# oak slab at 16%..... few questions



## SMW (Feb 8, 2015)

i have a 2 inch thick oak slab (20x72) that is currently at 16% MC. It was air dried outside for a little over a year. I checked the MC when I cut 20in off the end and stuck the meter in the middle of the freshly cut board.


My question is how to best finish drying it. I do not have access to a kiln. 

Currently there is very very little checking, almost no bends or warping, no cupping, etc. I would like to keep it that way :thumbsup:. 

I can store it in the house, outside covered in mostly shade, or in the garage. 

The board will become a desk that is mounted to the wall with steel cable and L braces. 

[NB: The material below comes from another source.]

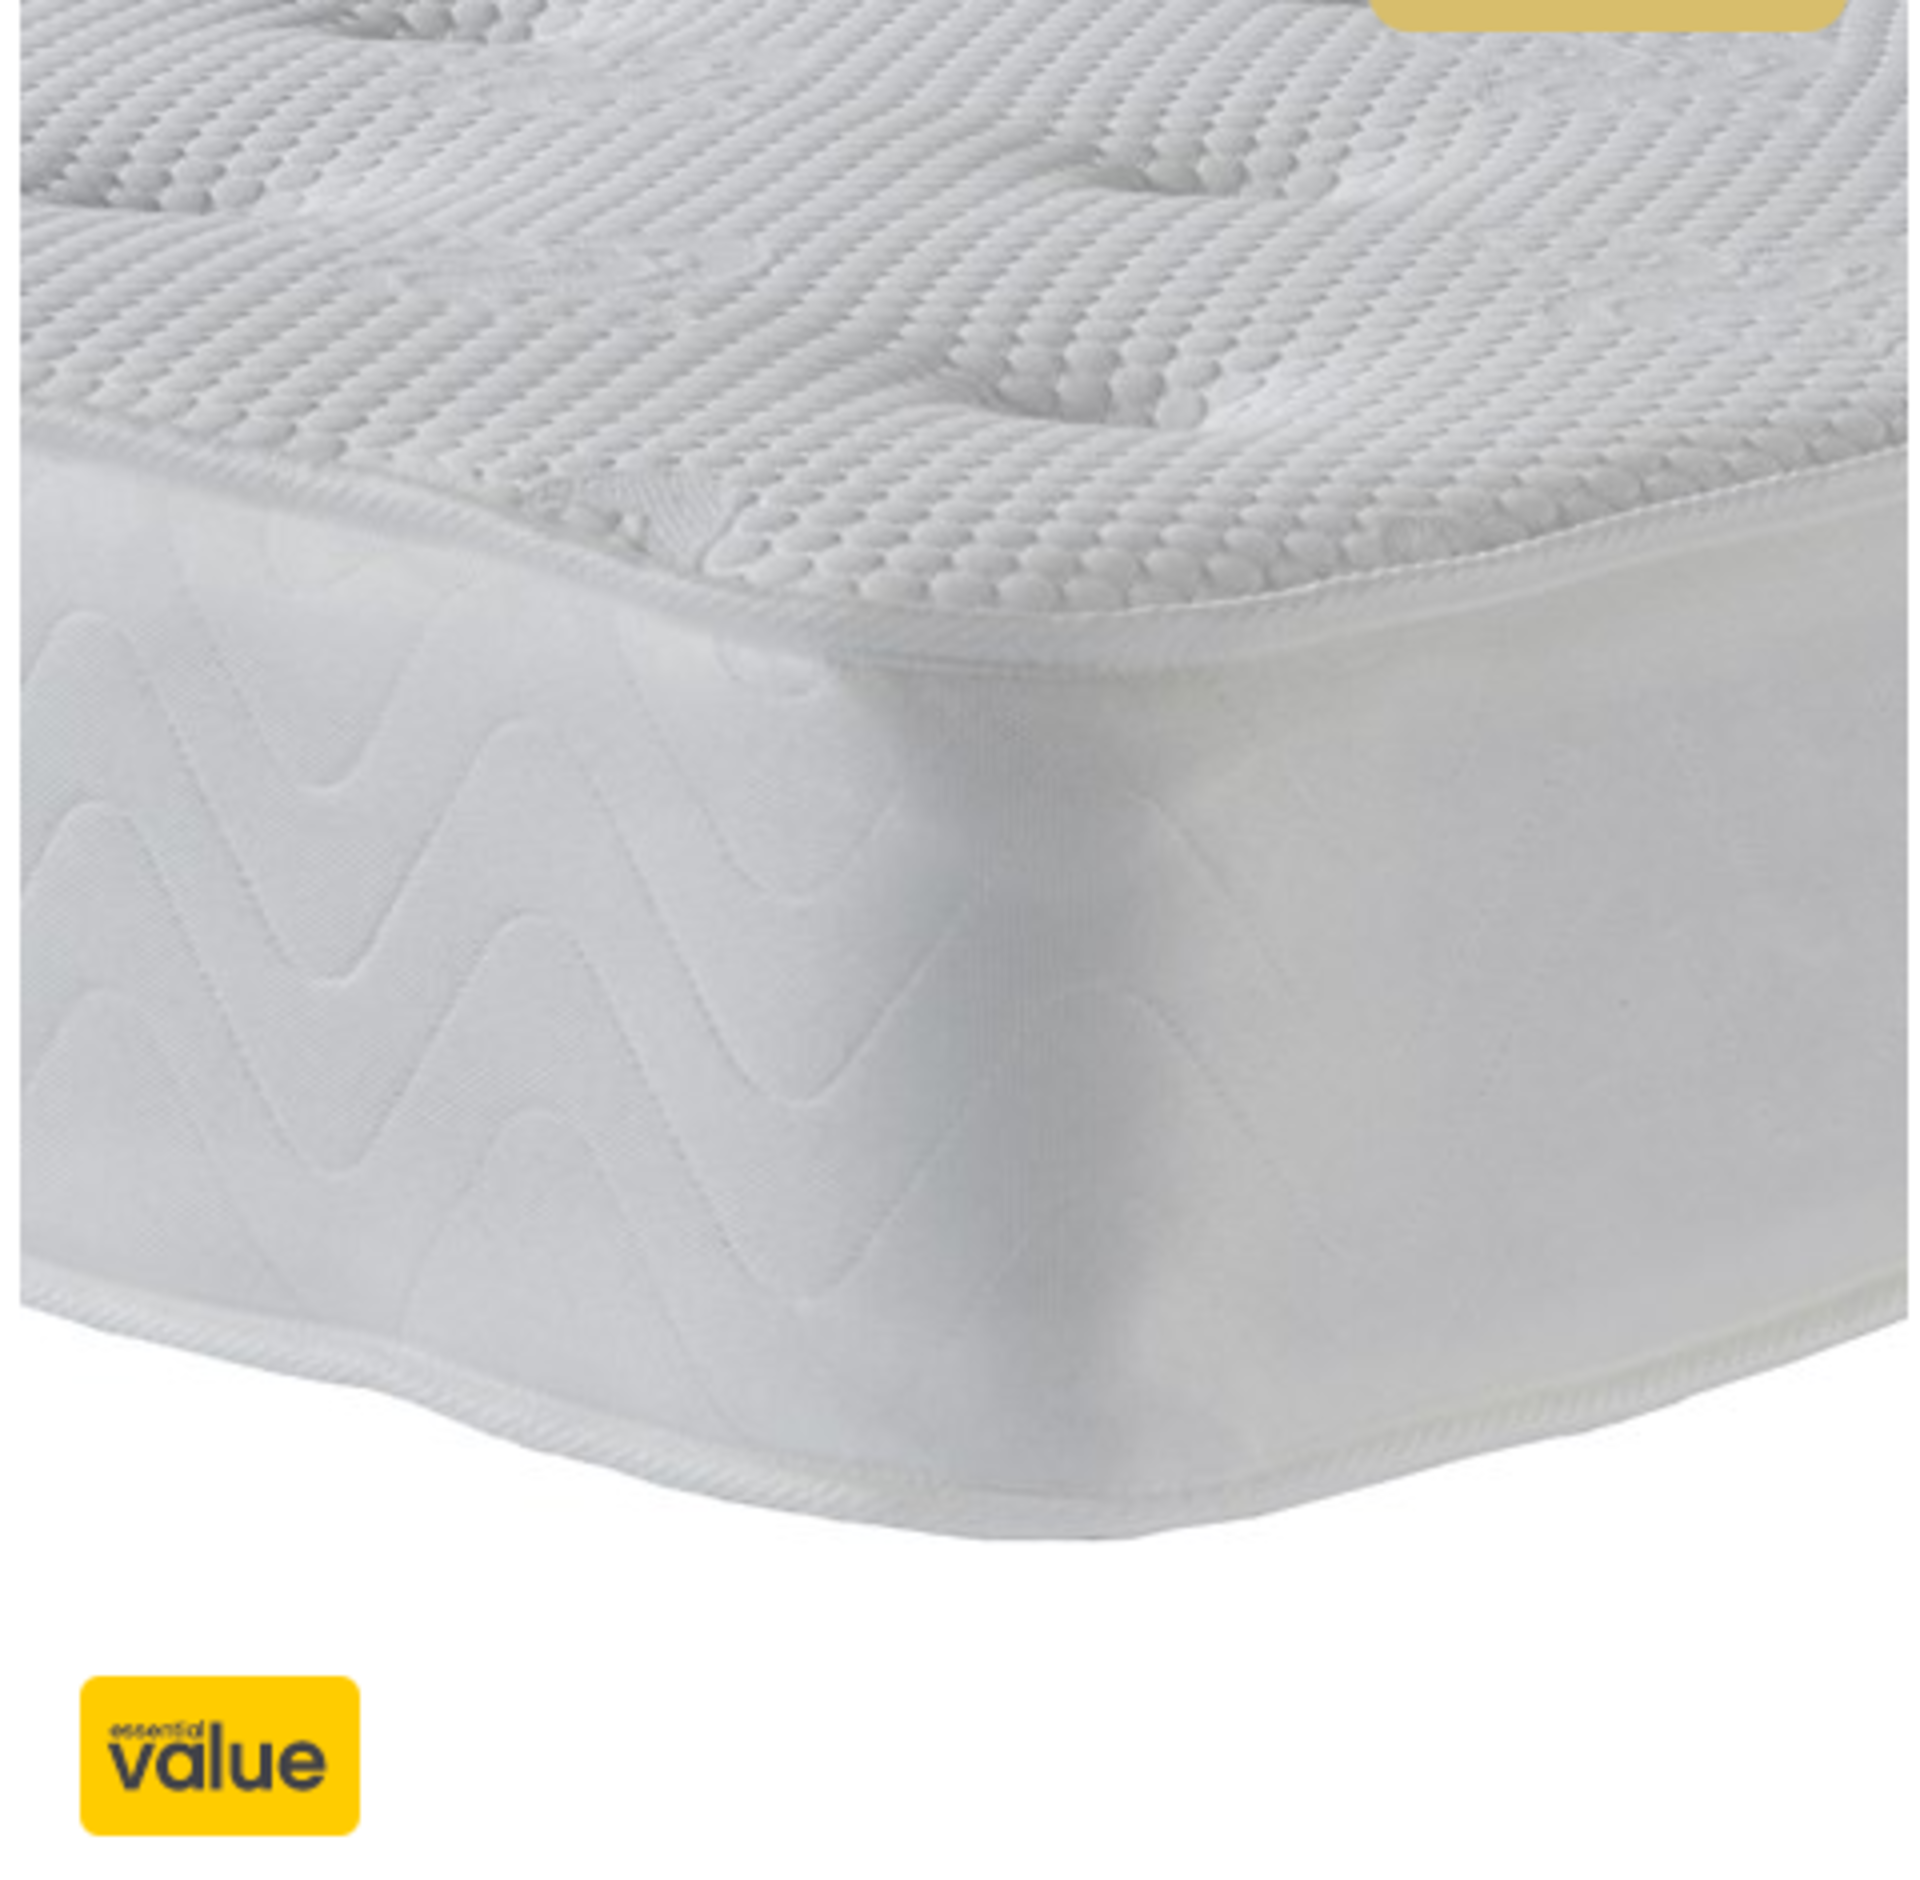 | 1X | SLEEPRIGHT GENOA BED MATTRESS 4FT6 DOUBLE | GOOD CONDITION & PACKAGED | RRP £349 |

Would it be bad to go ahead and put the desk on the L braces on the bottom and cables unfinished? After the MC settles I will apply a finish to all sides. 


cables will be similar to this but more aged industrial:


----------



## Da Aardvark (Oct 11, 2012)

Make a makeshift kiln
At 16% your wood is a perfect candidate for kiln drying.

My method is to set up a blue tarp like a small pup tent and use a under desk sized space heater to blow hot air through the tent. Leave a vent hole for letting heat and moisture to escape, and a thermometer visible through the vent hole. Place the space heater where it can get outside air.. 
In a few days, your MC will drop to a usable level. It works by passing hot dry air over the pieces. The vent hole allows the heat/moisture an escape route.
I can get a setup like that up to above 130f temps, but you don't need that. That's for bug kill.
I think getting your pieces up to 90f temp for 3 to 5 days will solve your problem but you can control the heat and timing. Just don't go after it too fast. Bring it up to temp slowly.

I dry entire small stacks of lumber this way. Slabs for kitchen tables, up to 8ft long. To keep the drying even, I'll relocate the space heater around the tent a few times a day.

Generally I start kilning my wood when it's below 25%, but have dried pieces as wet as 50% (and yes it cracked as expected., but the piece was 1ft+ thick).
Just don't be in a hurry temperature wise. Chances are very good you will have success, but with wood, there is never a guarantee.


----------



## Post Oakie (Aug 20, 2013)

Aardvark's tent dryer sounds interesting. Even airflow around the board (or stack of boards) is very important, so be sure to have the slab supported a couple of inches off the floor with stickers. A fan to circulate the air might also help. Taking a 2" thick slab from 16% to 8% in 3-5 days seems a little fast. The pins in a meter only penetrate about 3/8" or so, and it takes time for the moisture to move through the board, so you may get a low reading. After the moisture content comes down to your target, check the moisture content again after a couple of weeks, just to be sure. Sounds like you've got yourself a nice slab!


----------



## Da Aardvark (Oct 11, 2012)

Those under desk heaters have a built in fan.


----------



## guglipm63 (Feb 27, 2013)

I do something similar to Aardvark's tent dryer only I use a dehumidifier


----------



## Da Aardvark (Oct 11, 2012)

That works as well. Only problem is if you wanted to get your wood to over 130 degrees F for bug kill.
That doesn't seem to be the case here, but I've had bug et pieces and wanted the bug chew and bore holes as part of the appeal of the wood. But first they must be killed off.


----------



## Post Oakie (Aug 20, 2013)

Problem is when the bugs decide to munch on other wood in the house. Powder post beetles can do a lot of damage!


----------